Carsten died in 1871 and was buried in Oakland Cemetery in Clinton, Iowa. Wilhelmina never remarried. In 1880, the United States census finds Wilhelmina, Otto, and Albert still living in Clinton. Wilhelmina is entered into the census as a widow who was keeping house. Both boys were entered as students.
Around 1896, Wilhelmina and Albert moved from Clinton to Davenport. Otto had left the family home years before to travel west with a railroad job. Mother and son rented a house at 424 E. 11th Street, then 1021 Ripley Street, and finally at 909 Ripley Street by 1906. Wilhelmina keeping house while Albert worked as a laborer and then a machine operator making saddles on the Rock Island Arsenal. The pair were known to neighbors and considered quiet people.

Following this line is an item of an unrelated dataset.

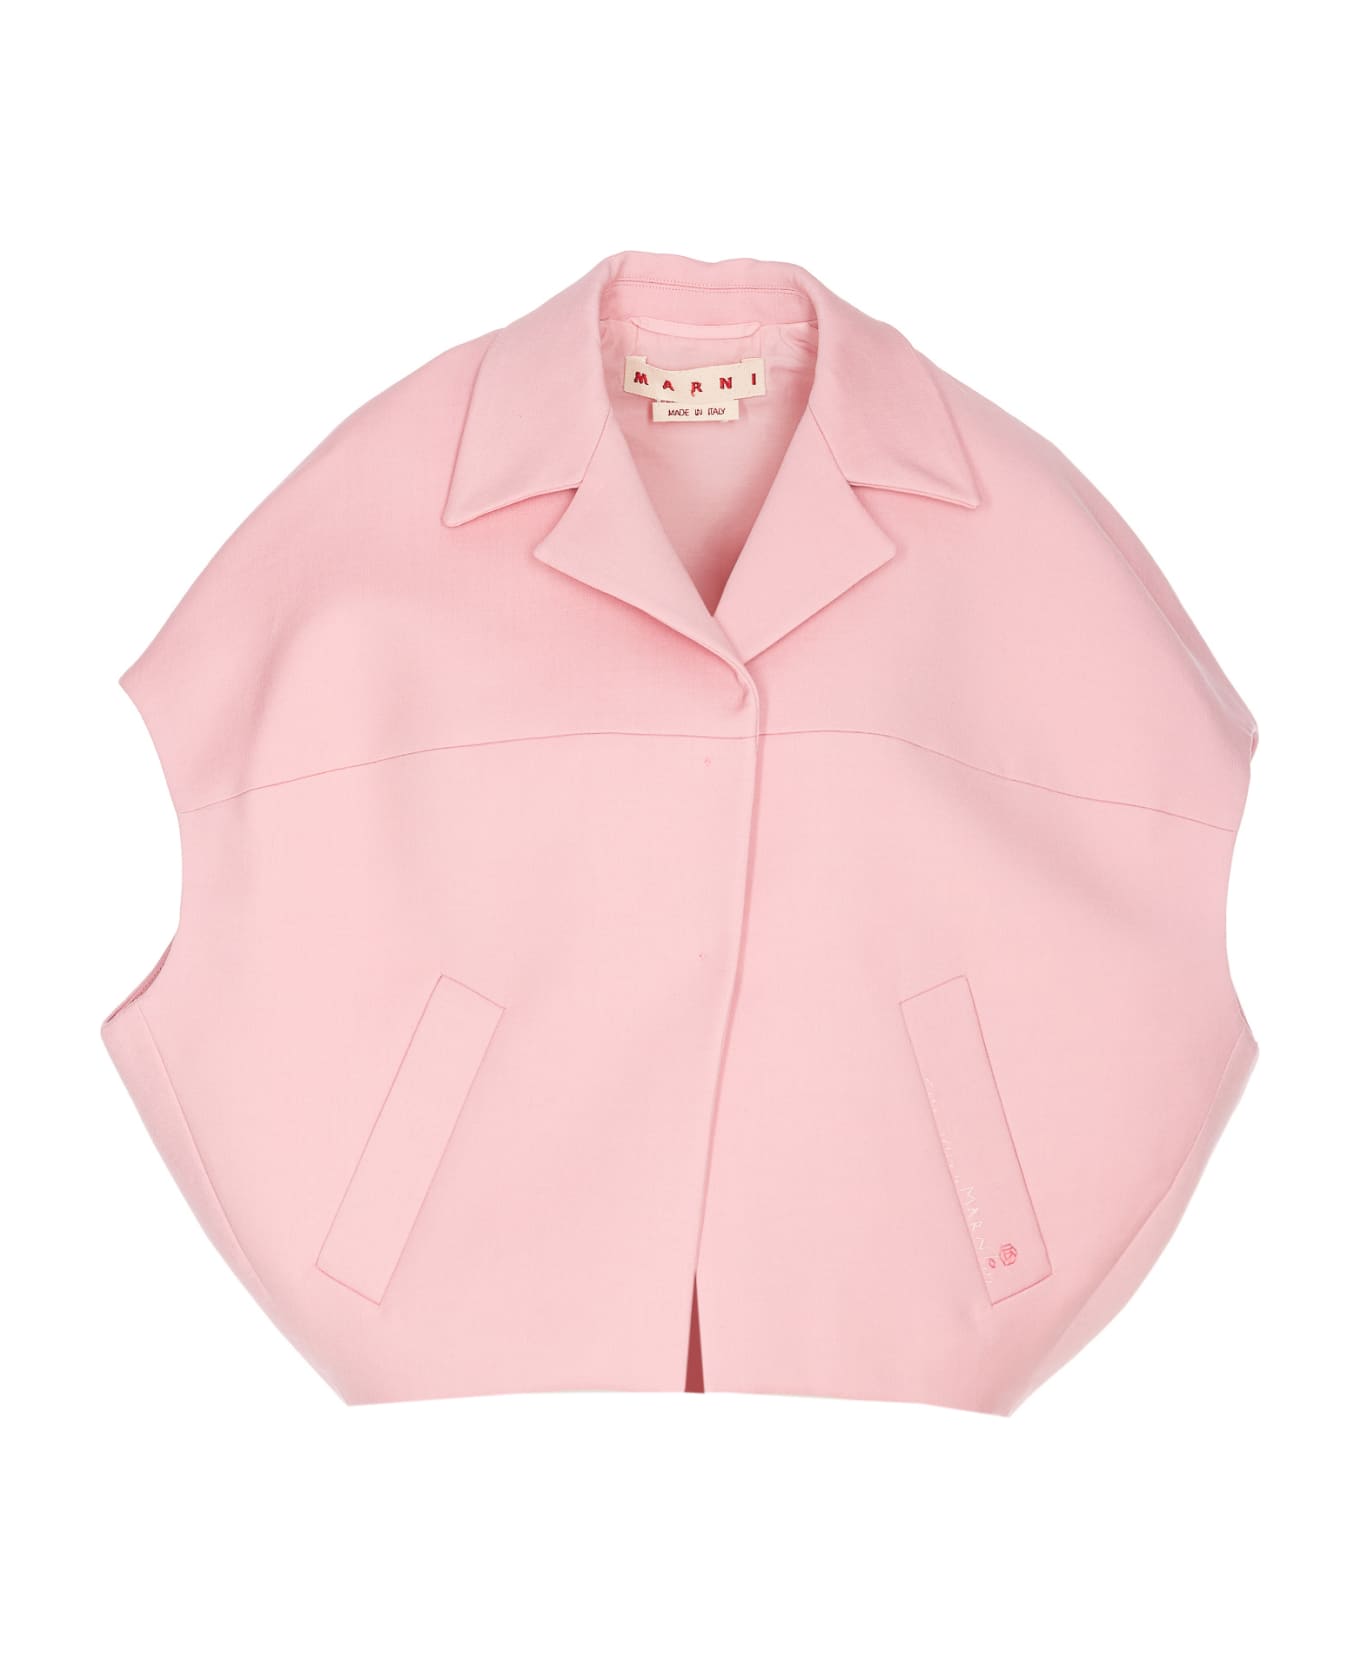 Marni Jacket - Pink ジャケット

It was around 1910 that neighbors noticed Albert no longer held a job. Neighbors began to talk amongst themselves as mother and son began to appear “feeble-minded” as the newspapers would later describe it. Wilhelmina was seen leading 42-year-old Albert around by the hand and hitting him with a club. Albert began to appear frail as the years passed. Walks to the neighborhood store with his mother ended and neighbors saw him slowly walking in the house’s small yard by himself. By 1912, Albert needed a walking stick and stopped to rest frequently while in the yard. It was not unusual for Albert to disappear into the house for a week or two at a time in the months before April 1912. He always appeared even weaker the next time the neighbors saw him.
A neighbor, Miss Wiggers at 919 Ripley Street, saw Albert shuffling about on an evening walk in his yard on April 4, 1912. He was not seen by the neighbors in the following days. On April 9, 1912, Wilhelmina paid a morning visit to the Halligan Undertaker Parlor to inquire about the price of a coffin. After a short discussion, a coffin and price were settled on. It was then that Wilhelmina asked for the coffin to be delivered to her home. The clerk asked who the coffin was for and Wilhelmina stated for her son, he had died at home that morning. After a few more questions, the clerk realized that no one had attended Wilhelmina’s son. A doctor or coroner needed to see the body to record the death the clerk told her. Wilhelmina quickly became upset at the conversation and left the business. The clerk felt something was amiss and alerted Coroner Frank Rudolph that a death had taken place and was not recorded.
Deaths at home were not uncommon in the early 1900s. Rudolph went to visit the small four room house at 909 Ripley Street that afternoon to resolve the matter. Wilhelmina initially refused to let the coroner in, but Rudolph persisted and was finally granted access to the home.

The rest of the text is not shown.